Plot the azimuth patterns of rectangular and cylindrical reflector antennas to compare their radiation characteristics.

Create the rectangular reflector antenna object.

antR = reflector;
antR.Tilt = 90;
antR.Exciter.TiltAxis = [1 0 0];
antR.Exciter.Tilt = 90;
show(antR)

Figure contains an axes object. The axes object with title reflector antenna element, xlabel x (mm), ylabel y (mm) contains 5 objects of type patch, surface. These objects represent PEC, feed.

Plot the azimuth pattern plots for the rectangular and the cylindrical reflector antennas and compare their results.

pa1 = patternAzimuth(antR,1e9,0,"Azimuth",0:-1:-360);
pa2 = patternAzimuth(cref,1e9,0,"Azimuth",0:-1:-360);
figure
polarpattern(pa1);
hold on;
polarpattern(pa2);
hold off;
l = legend("Rectangular Reflector","Cylindrical Reflector");
l.Position = [0.6 0.8877 0.2996 0.0869];

Figure contains an axes object. The hidden axes object contains 2 objects of type line. These objects represent Rectangular Reflector, Cylindrical Reflector.

Cylindrical reflectors, on account of their curvature, provide higher gain compared to the rectangular reflectors.

Elevation Plots of Spherical and Parabolic Reflectors

Plot the elevation patterns of spherical and parabolic reflector antennas to compare their radiation characteristics.

Create a parabolic reflector antenna.

pref = reflectorParabolic;
show(pref)

Figure contains an axes object. The axes object with title reflectorParabolic antenna element, xlabel x (mm), ylabel y (mm) contains 5 objects of type patch, surface. These objects represent PEC, feed.

Compare the elevation pattern plots of the parabolic and the spherical reflector antennas.
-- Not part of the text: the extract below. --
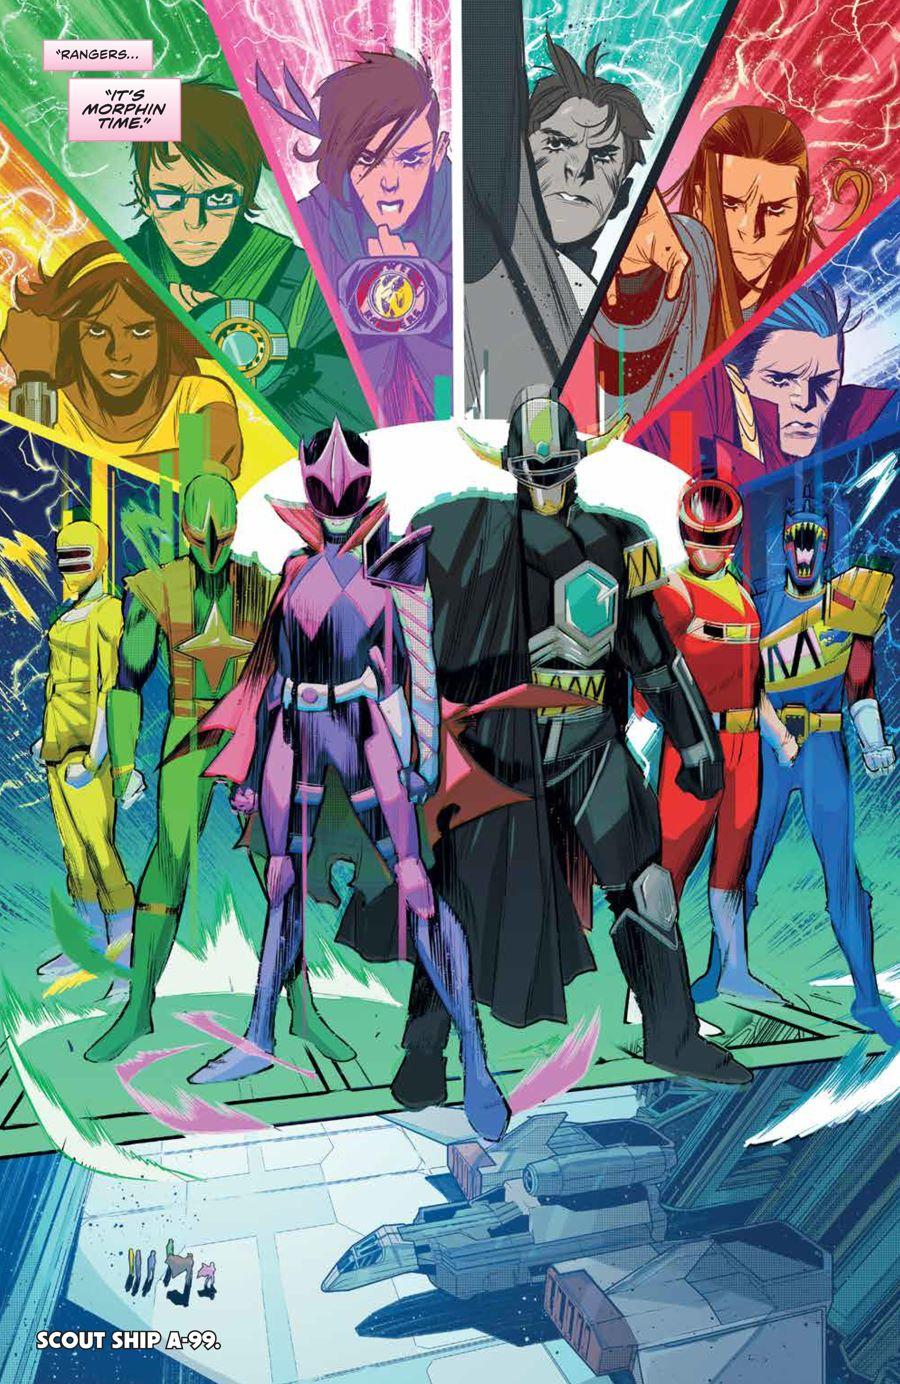 MMPR_BeyondGrid_SC_PRESS_21 ComicList Previews: MIGHTY MORPHIN POWER RANGERS BEYOND THE GRID TP

pe1 = patternElevation(pref,10e9,0,Elevation=0:360);
pe2 = patternElevation(sref,10e9,0,Elevation=0:360);
figure
polarpattern(pe1)
hold on;
polarpattern(pe2)
l = legend("Parabolic Reflector","Spherical Reflector");
l.Position = [0.6 0.8877 0.2996 0.0869];

Figure contains an axes object. The hidden axes object contains 2 objects of type line. These objects represent Parabolic Reflector, Spherical Reflector.

The elevation pattern plot of the spherical reflector shows more peaks as compared to the parabolic reflector meaning a spherical reflector scans a wider area.

Reference

[1] Balanis, Constantine A. Antenna Theory: Analysis and Design. 3rd ed. Hoboken, NJ: John Wiley, 2005.